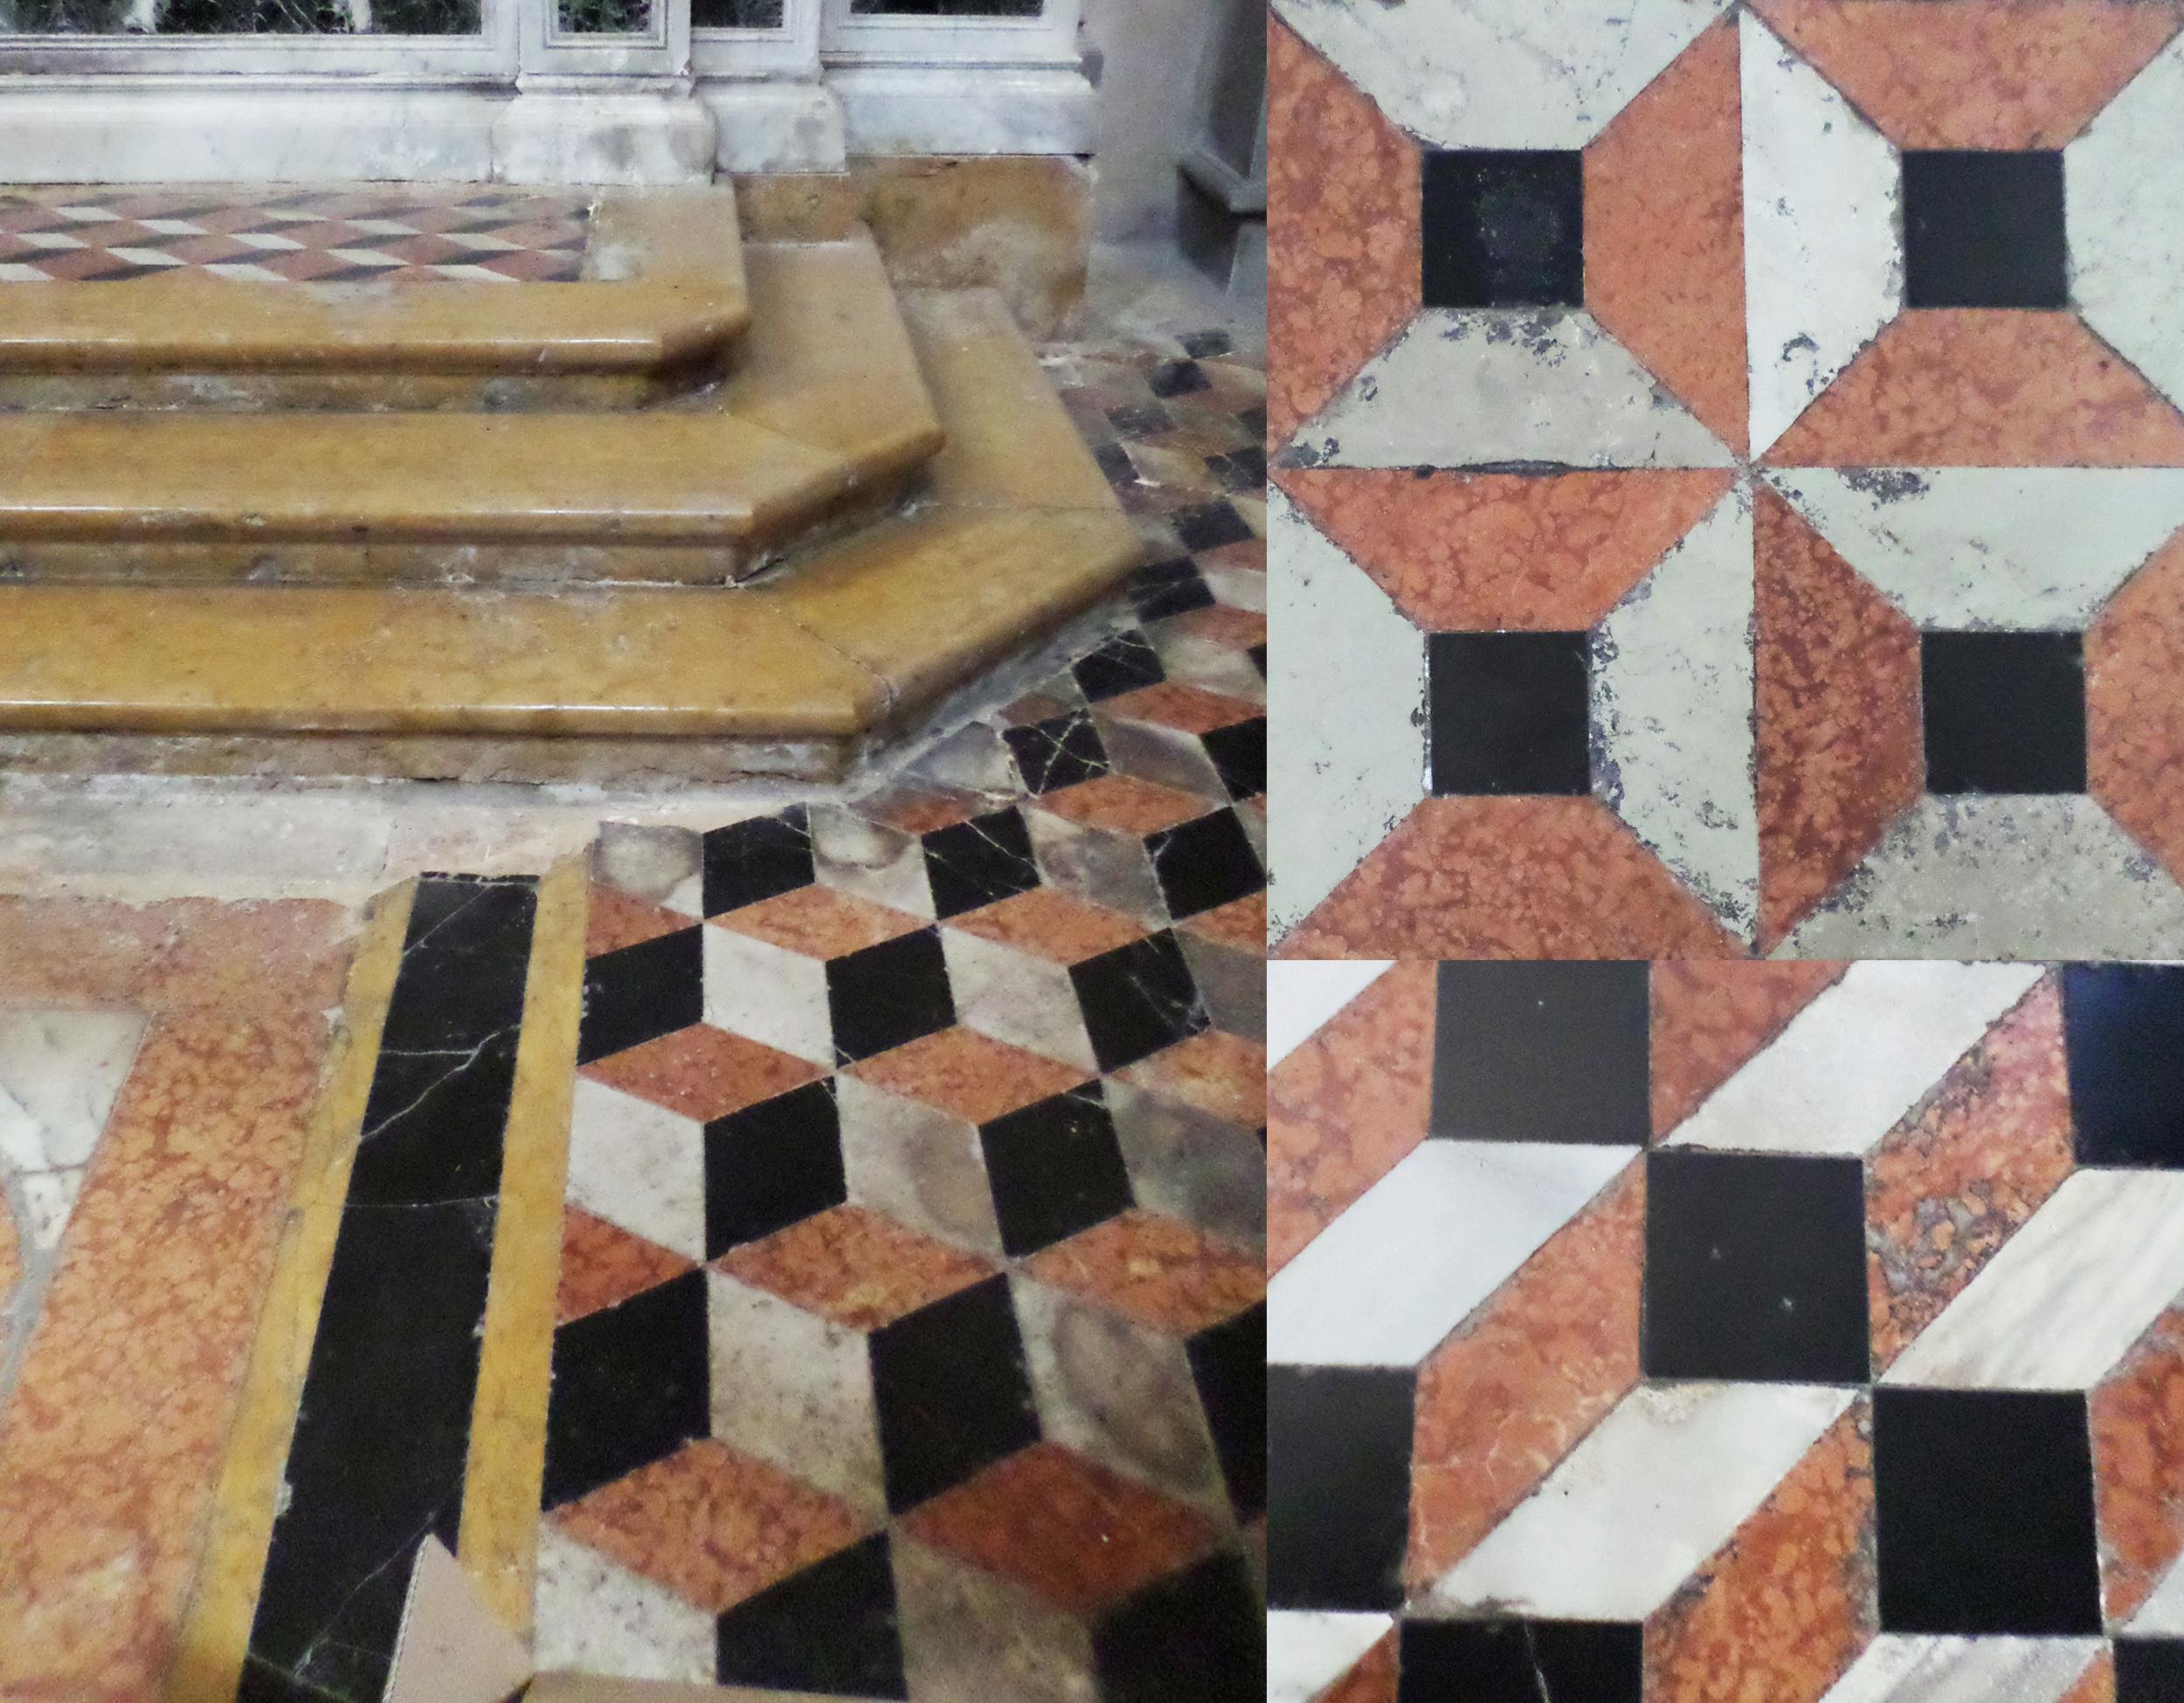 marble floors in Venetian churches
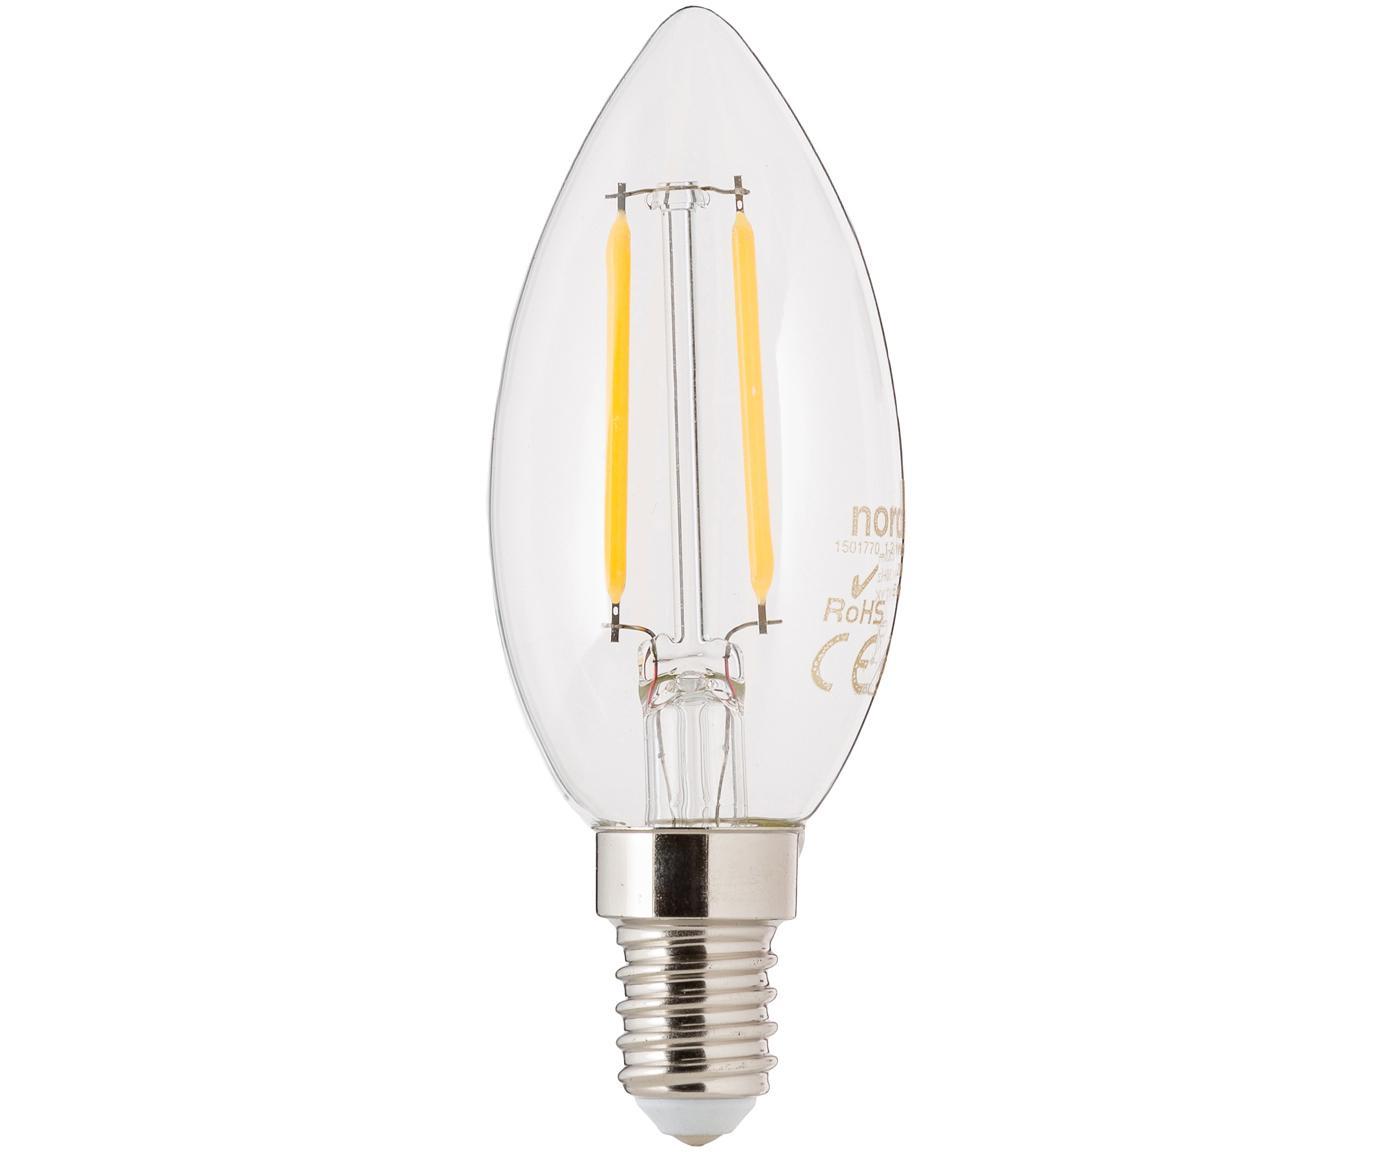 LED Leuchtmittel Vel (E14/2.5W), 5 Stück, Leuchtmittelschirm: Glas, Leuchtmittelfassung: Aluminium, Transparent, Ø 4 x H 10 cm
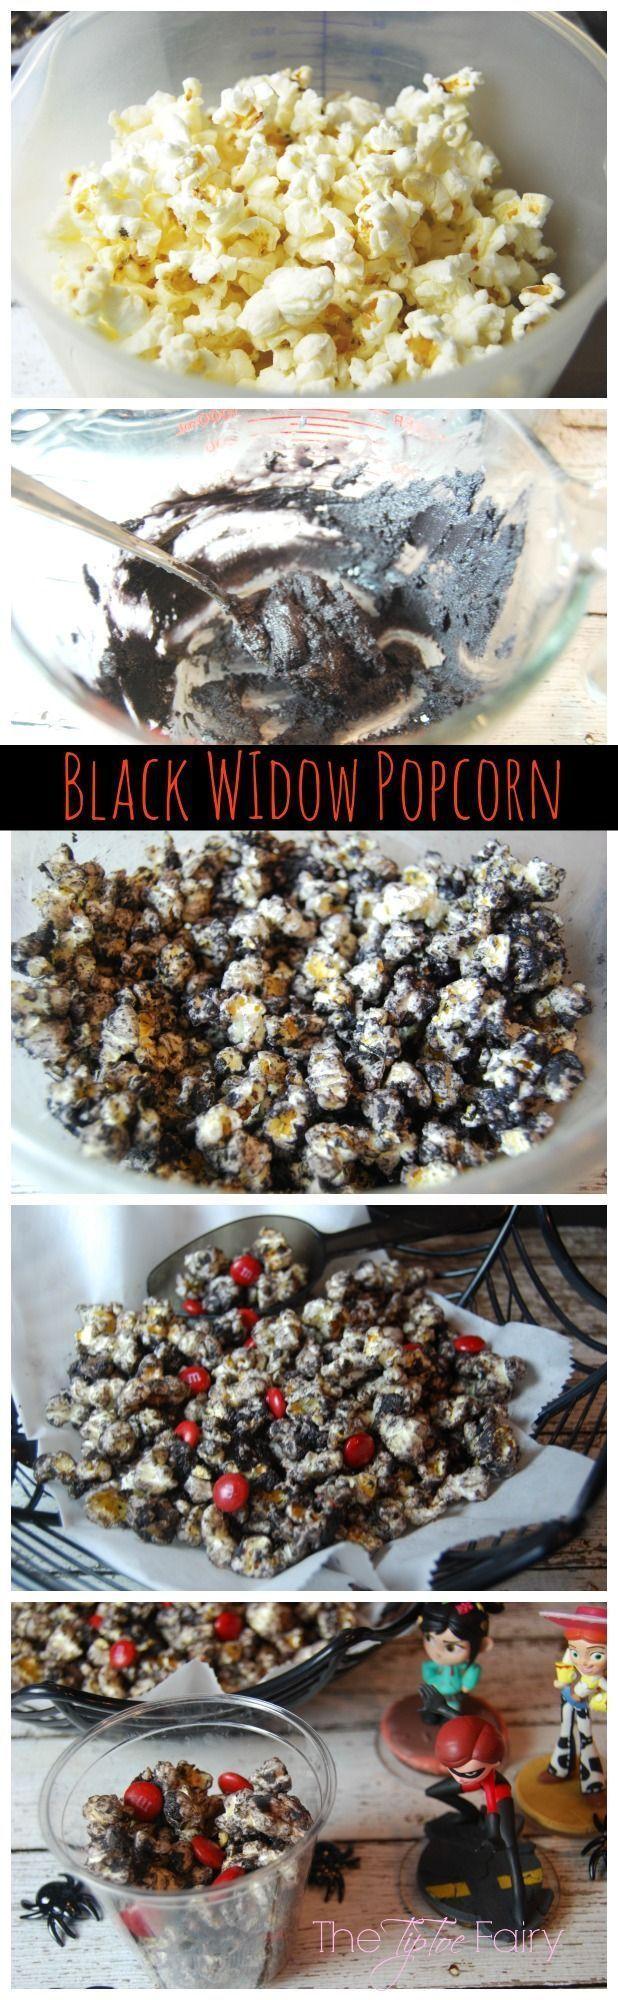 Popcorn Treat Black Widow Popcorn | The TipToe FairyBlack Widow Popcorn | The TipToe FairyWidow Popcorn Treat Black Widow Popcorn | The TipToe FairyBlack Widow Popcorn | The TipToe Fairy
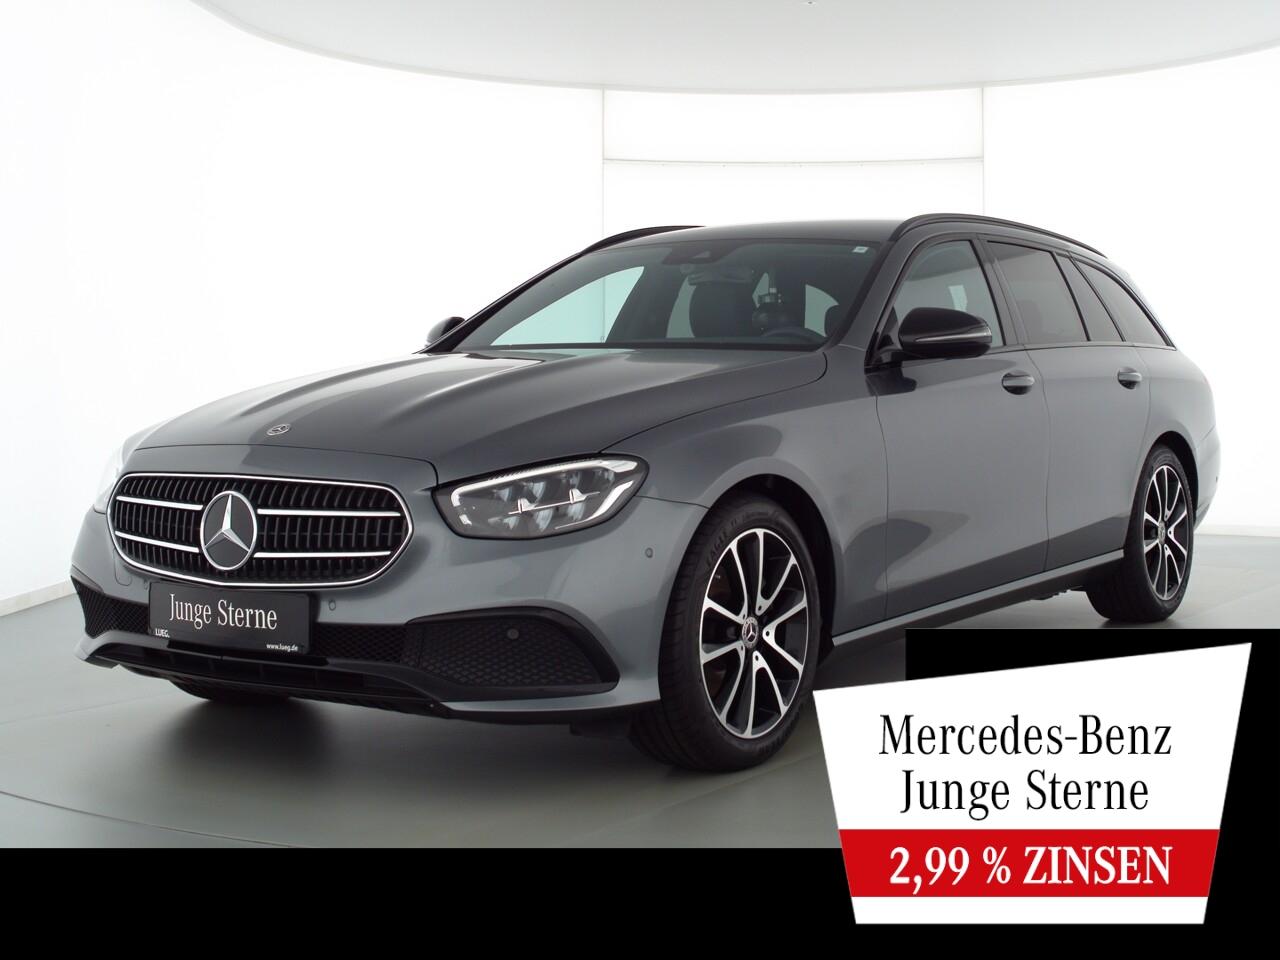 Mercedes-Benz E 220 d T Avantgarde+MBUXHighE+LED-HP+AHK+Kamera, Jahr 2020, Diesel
···
## TASK INSTRUCTIONS:
Faithful copy, images left out: write out every line of data.

## ANSWER SPACE:
 marble floors in Venetian churches
 LED Leuchtmittel Vel (E14/2.5W), 5 Stück, Leuchtmittelschirm: Glas, Leuchtmittelfassung: Aluminium, Transparent, Ø 4 x H 10 cm
 Popcorn Treat Black Widow Popcorn | The TipToe FairyBlack Widow Popcorn | The TipToe FairyWidow Popcorn Treat Black Widow Popcorn | The TipToe FairyBlack Widow Popcorn | The TipToe Fairy
 Mercedes-Benz E 220 d T Avantgarde+MBUXHighE+LED-HP+AHK+Kamera, Jahr 2020, Diesel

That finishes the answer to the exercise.